Clinician-AI combination is best in diagnosing diabetic retinopathy

Google study finds that model assistance improved physicians’ diagnostic accuracy as well as their confidence in the diagnosis.


Assisted by a deep-learning algorithm, physicians were able to more accurately diagnose diabetic retinopathy—a potentially blinding eye disease—than either a clinician or algorithm alone.

That’s the finding of a new study from the Google AI research group, which will be published in the April edition of Ophthalmology, the journal of the American Academy of Ophthalmology.

In the study, 10 ophthalmologists—five general ophthalmologists, four retina specialists and one retina fellow—read images for diabetic retinopathy severity based on a severity scale in each of three conditions—unassisted, grades only and grades plus heatmap. In total, the study’s participants utilized 1,796 retinal fundus images from 1,612 diabetic patients.

“We found a trend toward higher accuracy and confidence, but also higher grading times, with model assistance,” state the study’s authors. “We demonstrated that assistance can help even well-trained specialists, increasing sensitivity without decreasing specificity.”

Also See: FDA clears AI-based system to detect diabetic retinopathy

In fact, the study showed that general ophthalmologists who did not receive AI assistance were significantly less accurate than the algorithm, while retina specialists were not significantly more accurate than the algorithm. Further, with assistance, general ophthalmologists matched but do not exceed the accuracy of the model, while retina specialists started to exceed the model’s performance.

“What we found is that AI can do more than simply automate eye screening, it can assist physicians in more accurately diagnosing diabetic retinopathy,” says Rory Sayres, the study’s lead researcher and quantitative user experience researcher at Google. “AI and physicians working together can be more accurate than either alone.”
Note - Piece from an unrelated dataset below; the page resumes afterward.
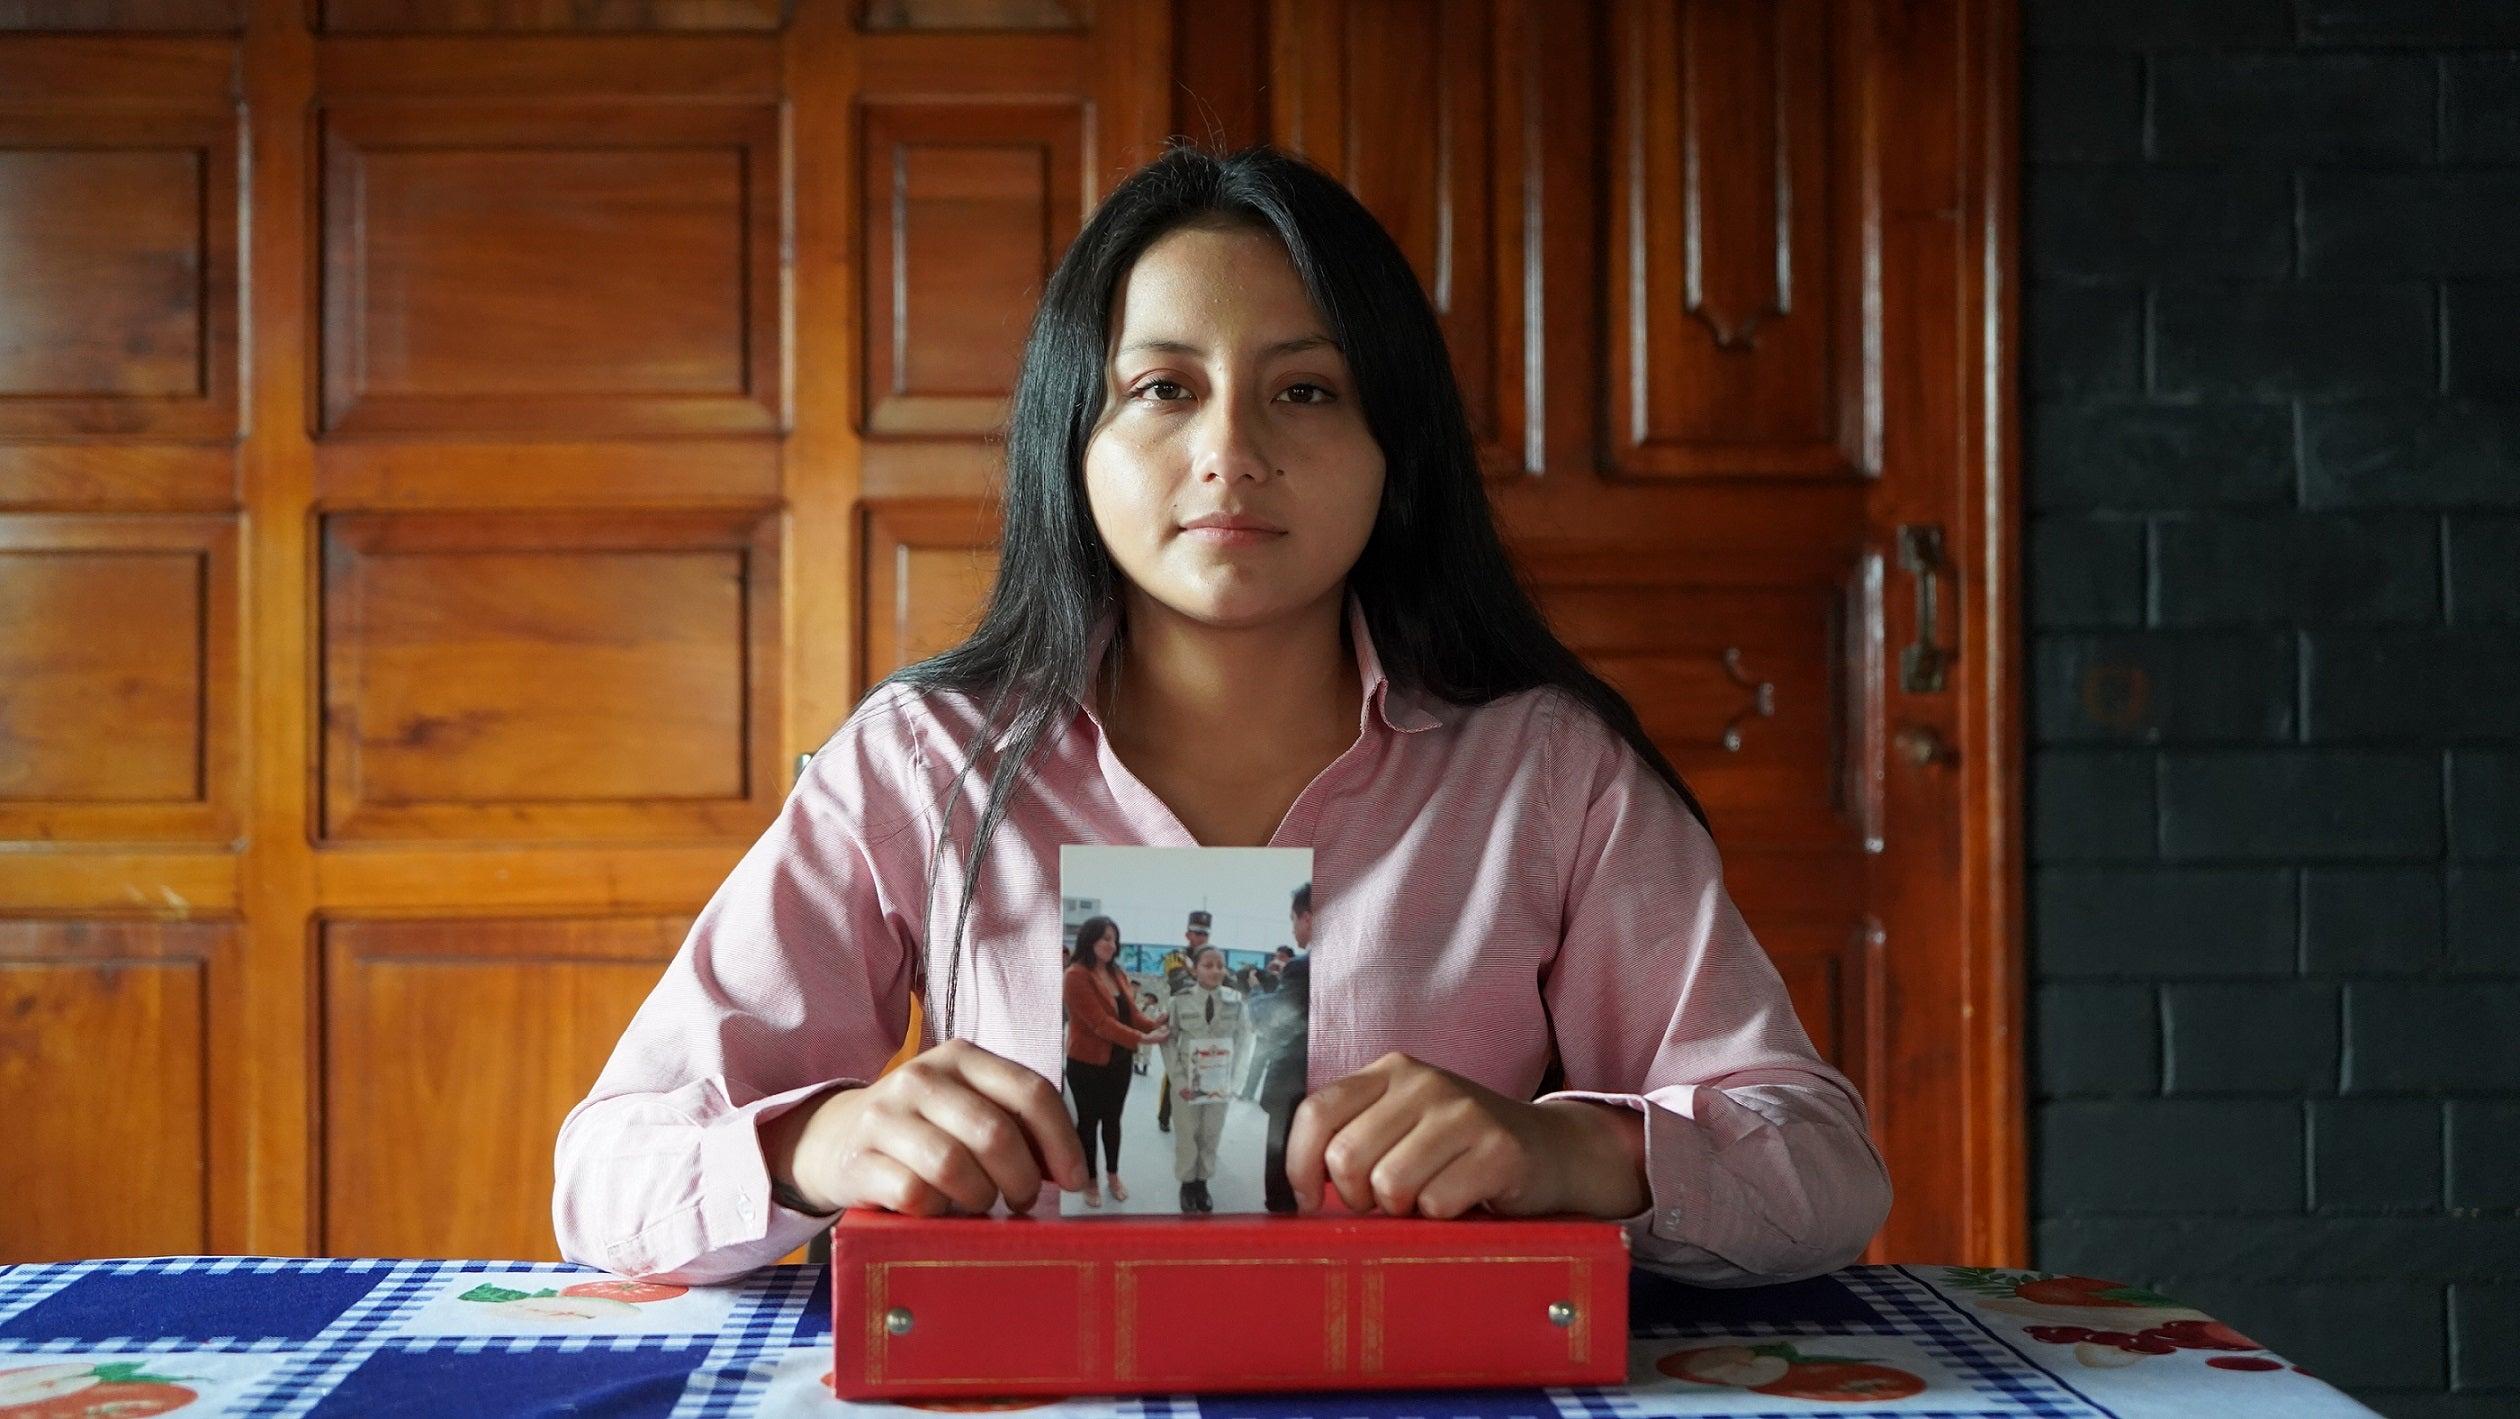 La Violencia Sexual En Instituciones Educativas Y Los Esfuerzos De Jóvenes Sobrevivientes Por Obtener Justicia En Ecuador Hrw

“There’s an analogy in driving,” adds Sayres. “There are self-driving vehicles, and there are tools to help drivers, like Android Auto. The first is automation, the second is augmentation. The findings of our study indicate that there may be space for augmentation in classifying medical images like retinal fundus images. When the combination of clinician and assistant outperforms either alone, this provides an argument for up-leveling clinicians with intelligent tools.”

While the study’s authors acknowledged that their results are preliminary, they contend that their research “has implications for how model assistance may impact the diagnosis of diabetic retinopathy and other eye conditions in clinical settings,” adding that “the use of an assisted tool such as this could increase the accuracy of the read at all levels of severity, including in treated populations.”

The study builds on previous work by Google AI on the development and validation of a deep learning algorithm for the detection of diabetic retinopathy in retinal fundus photographs, as well as a paper on improving their model by moving toward a more granular five-point grading scale (vs. the previous two-class system) and incorporating adjudication by a panel of retinal specialists.